Cityscapes (512×256)

Facades (1024×1024)

ADE20K (256×256)

CelebAMask-HQ (512×512)

Results of Generated Segmenation Maps

License

The code is released for academic research use only. For commercial use, please contact [email protected].

Installation

Clone this repo.

git clone https://github.com/Ha0Tang/DAGAN
cd DAGAN/

This code requires PyTorch 1.0 and python 3+. Please install dependencies by

pip install -r requirements.txt

This code also requires the Synchronized-BatchNorm-PyTorch rep.

cd DAGAN_v1/
cd models/networks/
git clone https://github.com/vacancy/Synchronized-BatchNorm-PyTorch
cp -rf Synchronized-BatchNorm-PyTorch/sync_batchnorm .
cd ../../

To reproduce the results reported in the paper, you would need an NVIDIA DGX1 machine with 8 V100 GPUs.

Dataset Preparation

Please download the datasets on the respective webpages.

Facades: 55.8M, here.
DeepFashion: 592.3M, here.
CelebAMask-HQ: 2.7G, here.
Cityscapes: 8.4G, here.
ADE20K: 953.7M, here.
COCO-Stuff: 21.5G, here.

We also provide the prepared datasets for your convience.

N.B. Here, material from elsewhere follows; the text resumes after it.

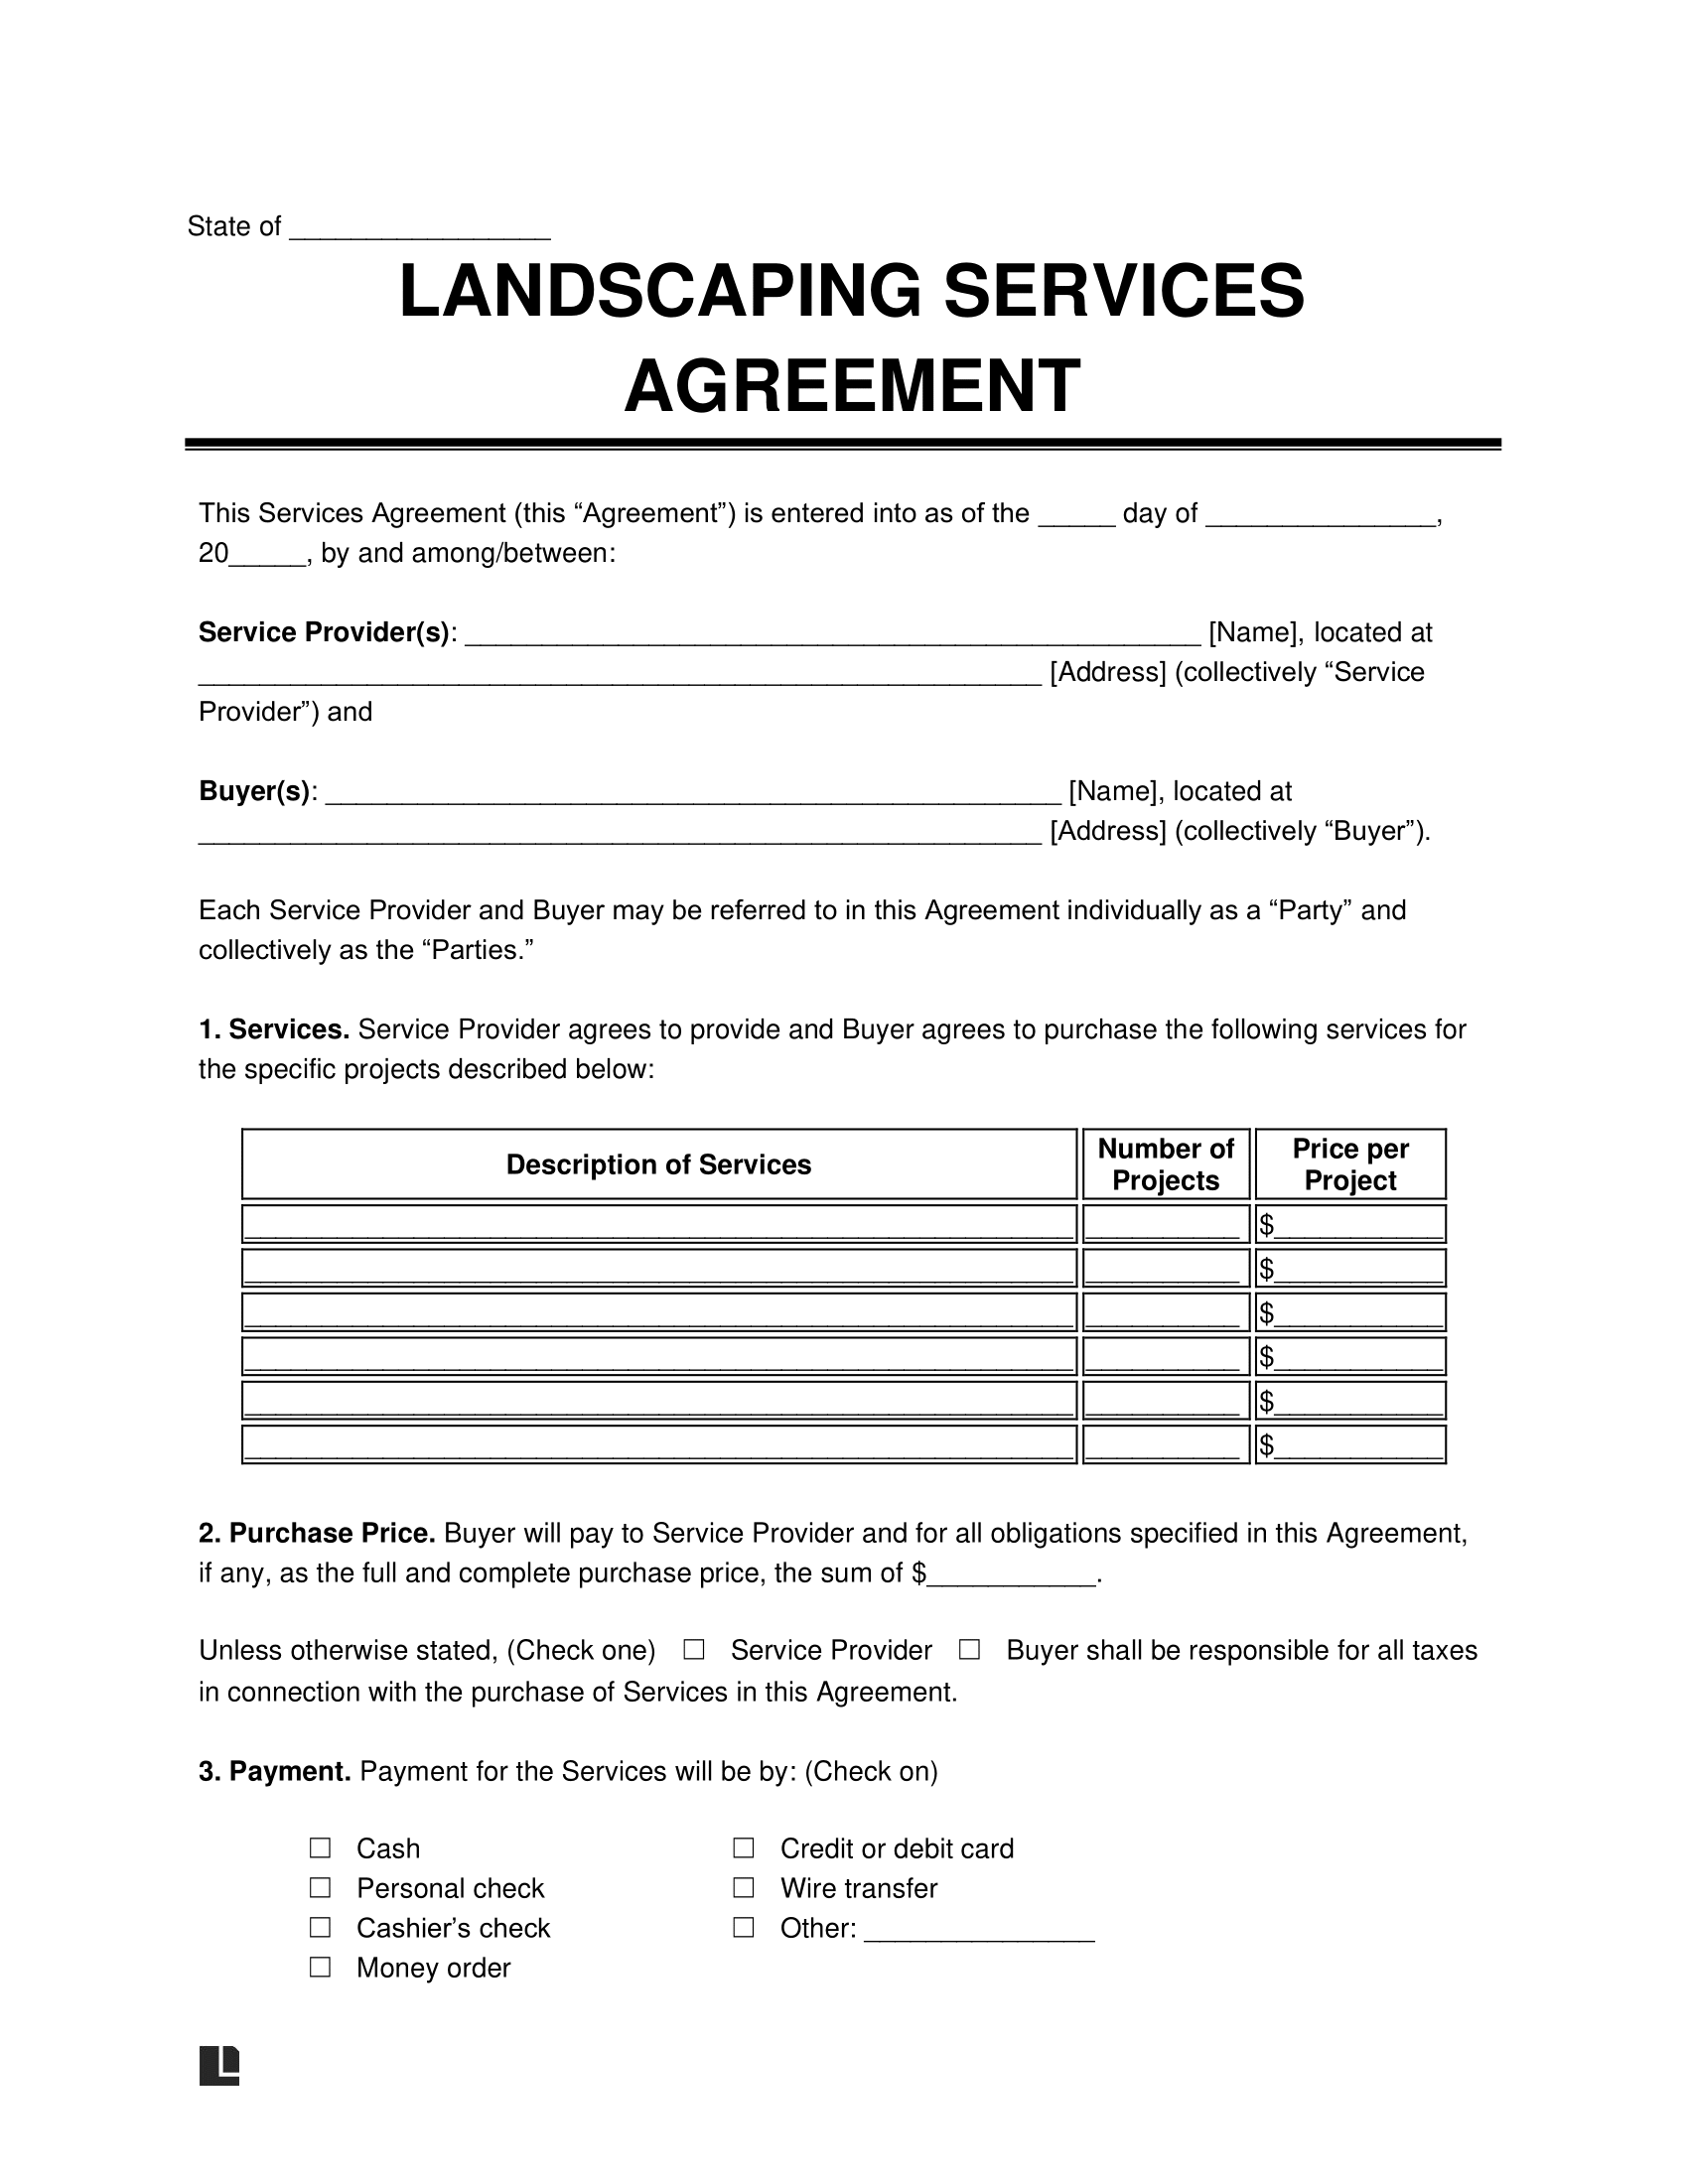 free-landscaping-contract-template-pdf-word-legal-templates-free-landscaping-contract

sh datasets/download_dagan_dataset.sh [dataset]

where [dataset] can be one of facades, deepfashion, celeba, cityscapes, ade20k, or coco_stuff.

Generating Images Using Pretrained Model

Download the pretrained models using the following script,

sh scripts/download_dagan_model.sh GauGAN_DAGAN_[dataset]

where [dataset] can be one of cityscapes, ade, facades, or celeba.

Change several parameter and then generate images using test_[dataset].sh. If you are running on CPU mode, append --gpu_ids -1.
The outputs images are stored at ./results/[type]_pretrained/ by default. You can view them using the autogenerated HTML file in the directory.

Train and Test New Models

Prepare dataset.
Change several parameters and then run train_[dataset].sh for training. There are many options you can specify. To specify the number of GPUs to utilize, use --gpu_ids. If you want to use the second and third GPUs for example, use --gpu_ids 1,2.
Testing is similar to testing pretrained models. Use --results_dir to specify the output directory. --how_many will specify the maximum number of images to generate. By default, it loads the latest checkpoint. It can be changed using --which_epoch.

Evaluation

FID: mseitzer/pytorch-fid
FRD: Ha0Tang/GestureGAN
LPIPS: richzhang/PerceptualSimilarity
DRN: fyu/drn [model: drn-d-105_ms_cityscapes.pth]
UperNet: CSAILVision/semantic-segmentation-pytorch [model: baseline-resnet101-upernet]
DeepLab: kazuto1011/deeplab-pytorch [model: deeplabv2_resnet101_msc-cocostuff164k-100000.pth]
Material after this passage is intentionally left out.